Al llegar a la esquina ubicada frente a uno de los hoteles exclusivos de aquella zona, Manuel se detuvo para apreciar a un grupo de jóvenes que bailaban muy entusiasmados, haciendo bromas y “pegando” gritos.  El obrero se alejó justo en el momento en que contemplaba a las parejas comportarse de una manera indecente, comprendiendo que seguramente, en esas condiciones, ninguno de los chicos estaba esperando al Niño Redentor.

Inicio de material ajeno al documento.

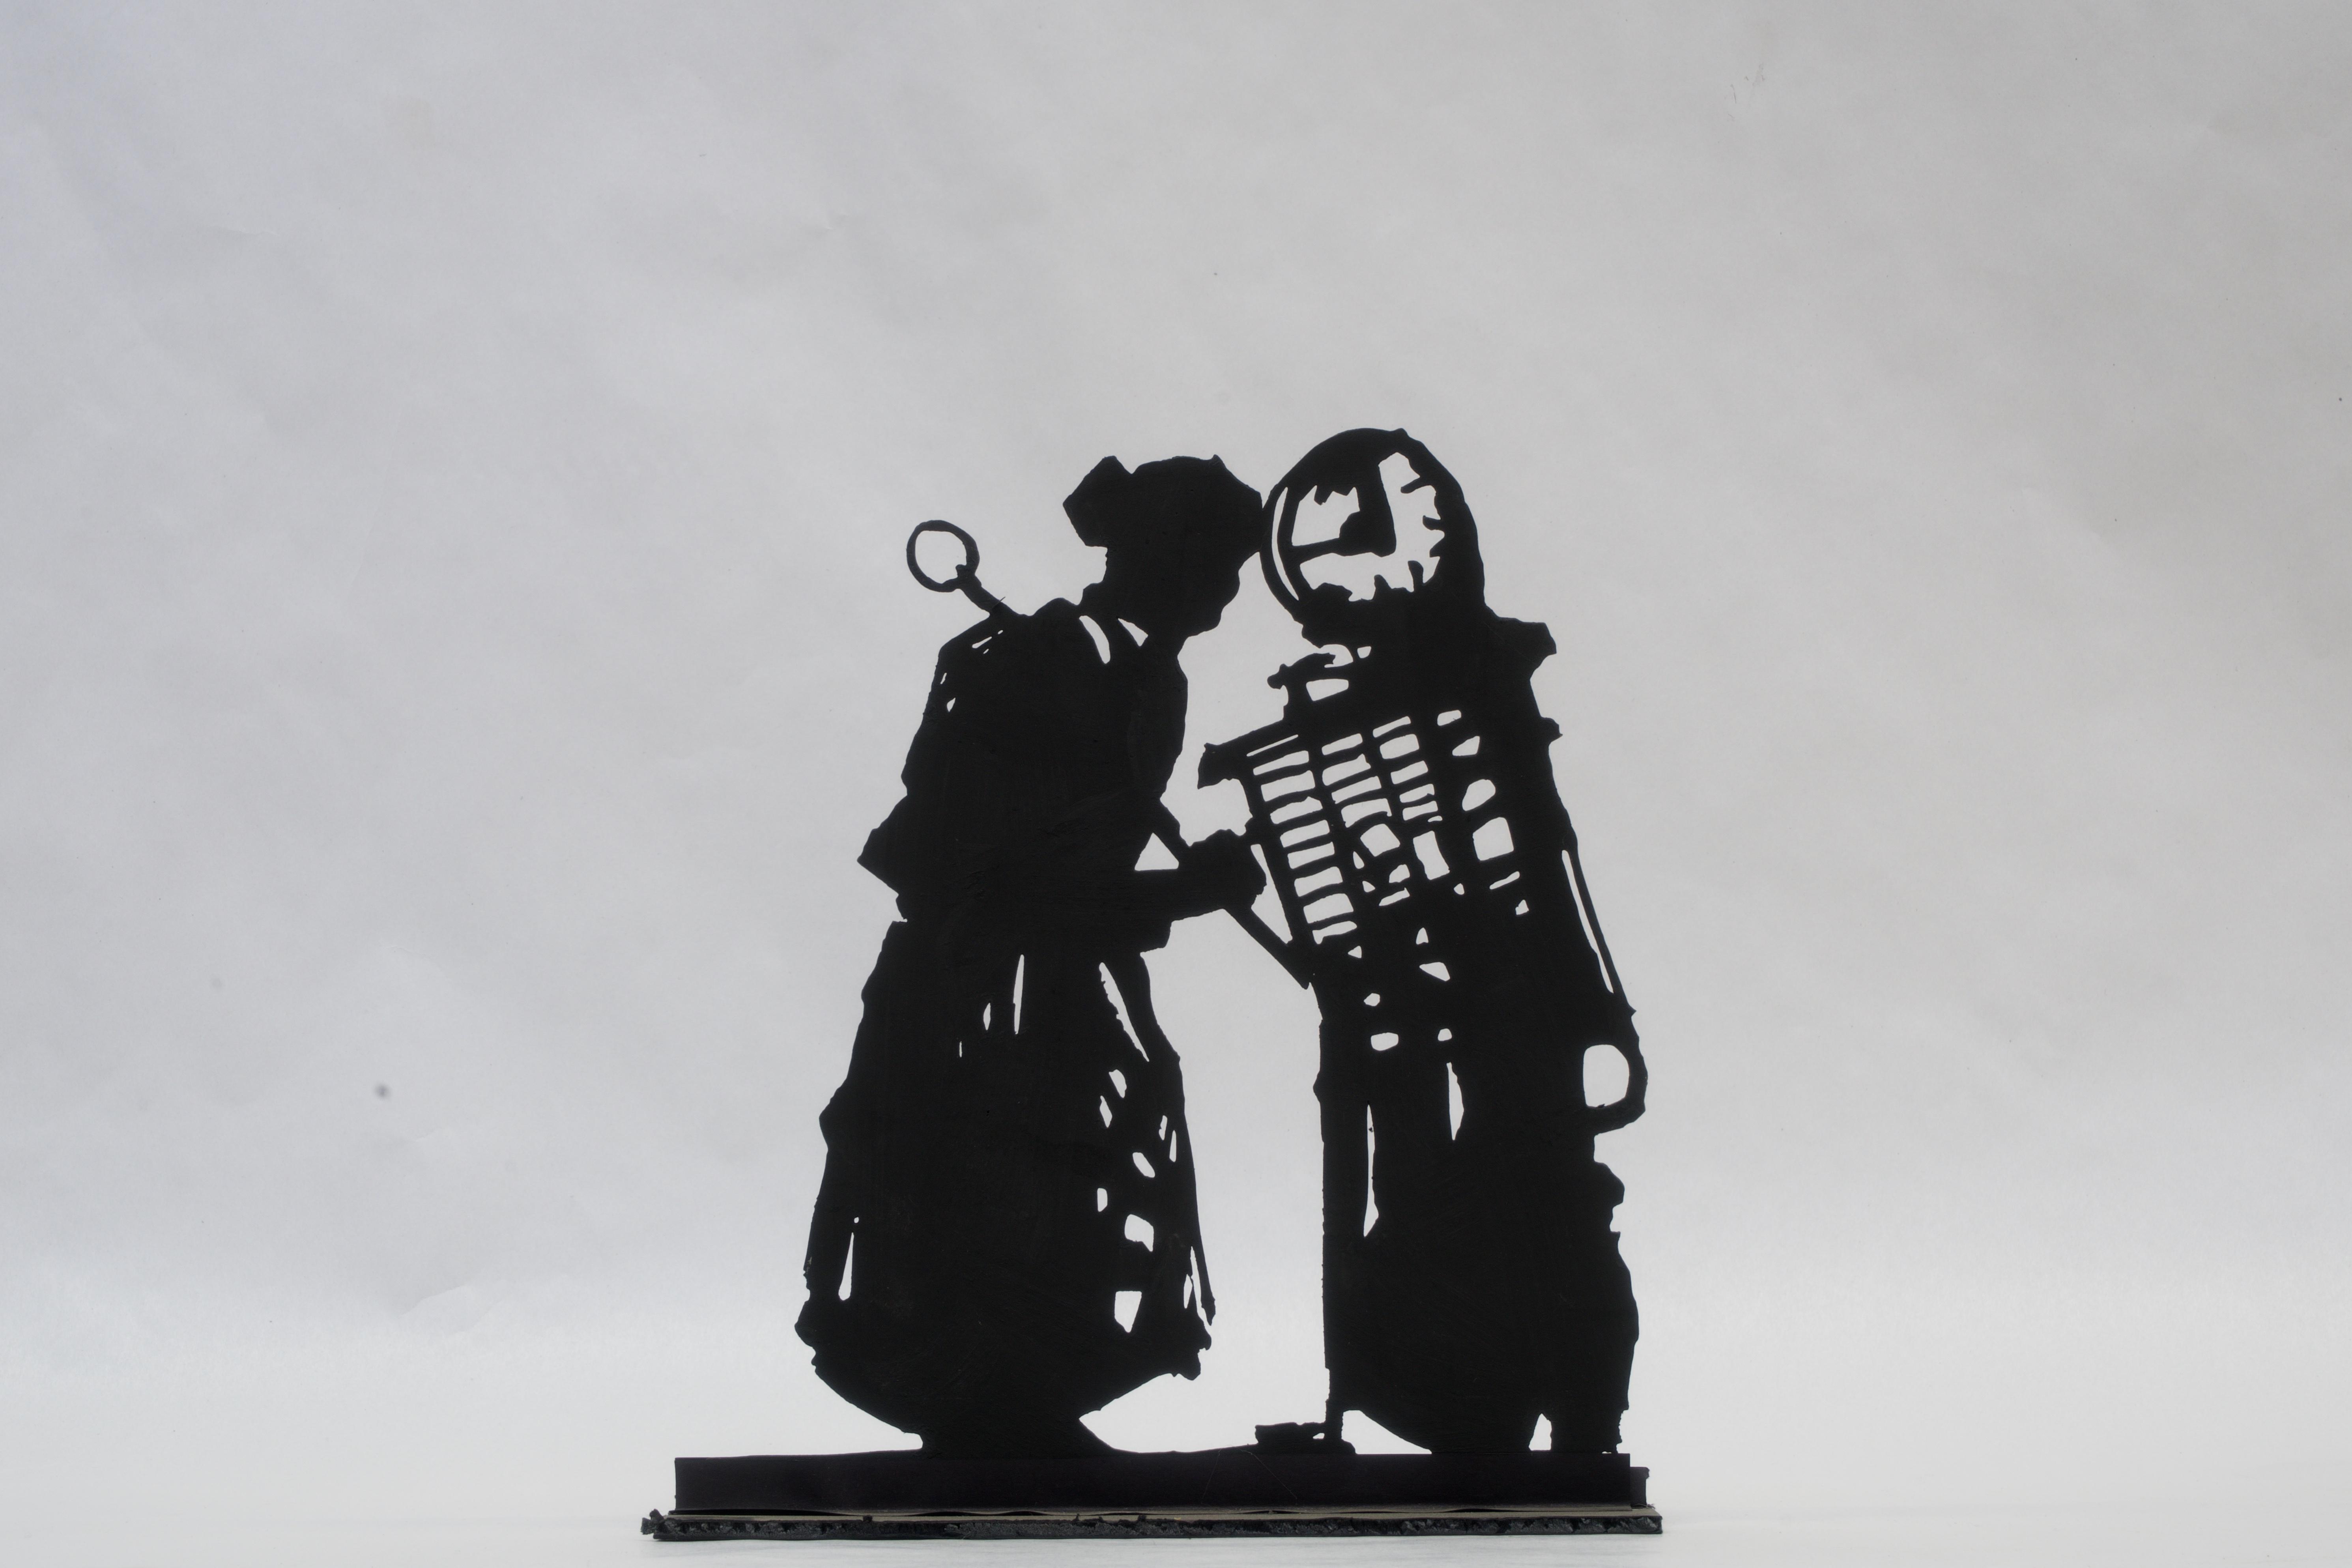 WILLIAM KENTRIDGE, Procession of Reparationists (Processione. I riparazionisti), 2017 15 silhouette in acciaio, 13 basi in cemento e ferro, 410 x 350 x 41200 cm circa dimensioni totali, Fondazione per l'Arte Moderna e Contemporanea CRT, 2017, in comodato presso Castello di Rivoli Museo d'Arte Contemporanea, Rivoli-Torino

Más adelante, se detuvo frente a la casa de una familia aristocrática.  Sus miembros estaban reunidos en derredor de un enorme árbol adornado con bombas de colores y luces intermitentes que parecían recorrer, de rama en rama, el verdor de aquel ciprés cuya importante vida había concluido con aquella festividad.  Al pie del árbol, innumerables regalos de diferentes tamaños estaban por abrirse.  El jefe del hogar hizo la seña respectiva, al tiempo que, con evidente júbilo, niños y adultos buscaron su nombre entre aquellas cajas envueltas con papel de colores y listón.  Al abrirlos, se maravillaron de su contenido y posteriormente dieron gracias a quien se lo había enviado, pero…, nadie mencionó que había un regalo para el niño que estaba por llegar.

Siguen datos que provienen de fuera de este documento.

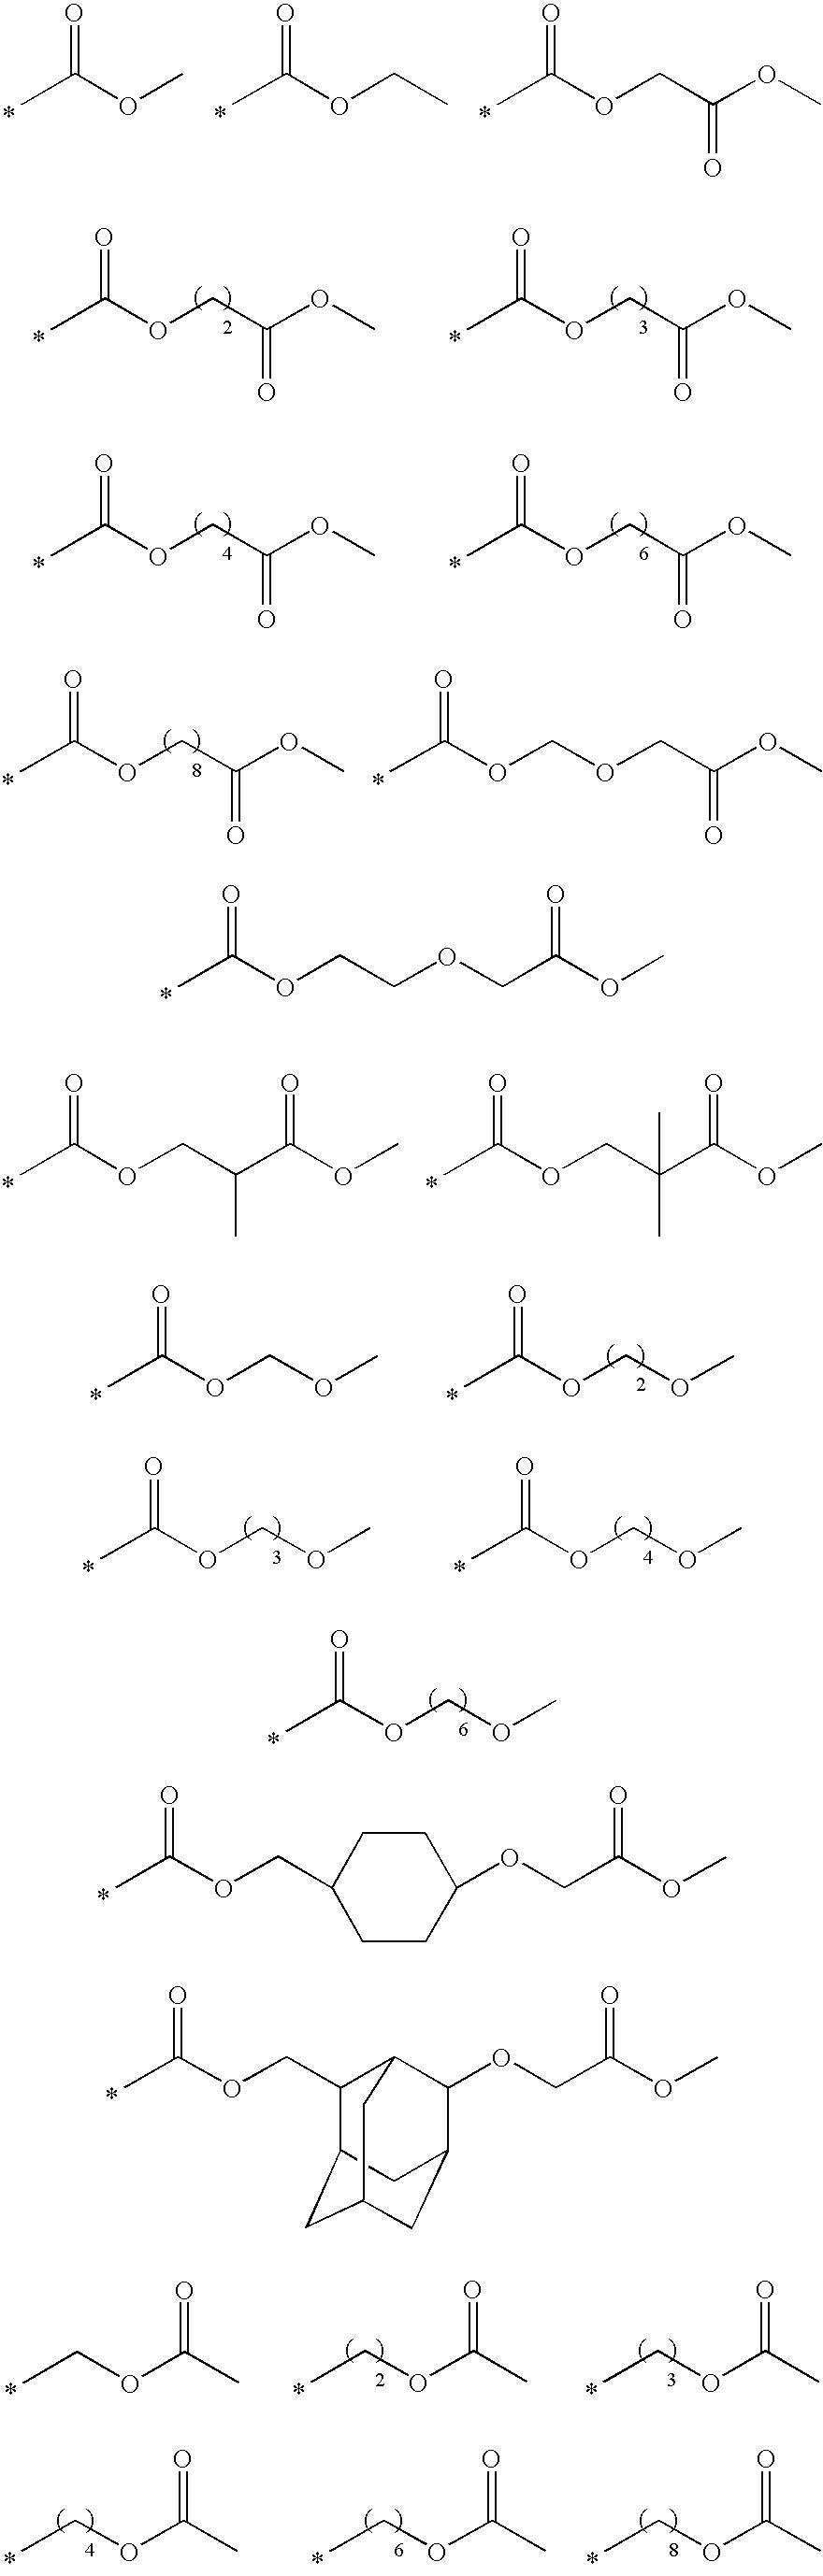 Figure US20100323296A1-20101223-C00065

Finalmente, un tanto cansado, y sintiendo que el frío penetraba en sus huesos, Manuel decidió hacer la última visita.  Se acercó a la humilde vivienda de un panadero.  Los cinco miembros de aquella familia se preparaban para la cena.  Antes de ingerir los alimentos, se pusieron de pie y entonaron algunos cantos alusivos a la Navidad; luego, todos se tomaron de la mano y rezaron una bella oración en la que ofrecieron su corazón al Santo Niño para que lo usara como pesebre.  En vez de incienso, oro y mirra, le ofrecieron su entrega total, sus dificultades diarias y sus alegrías, pidiéndole que la luz de la estrella que iluminó el sagrado portal, les guiara por el camino del amor, la comprensión y la entrega generosa a los demás.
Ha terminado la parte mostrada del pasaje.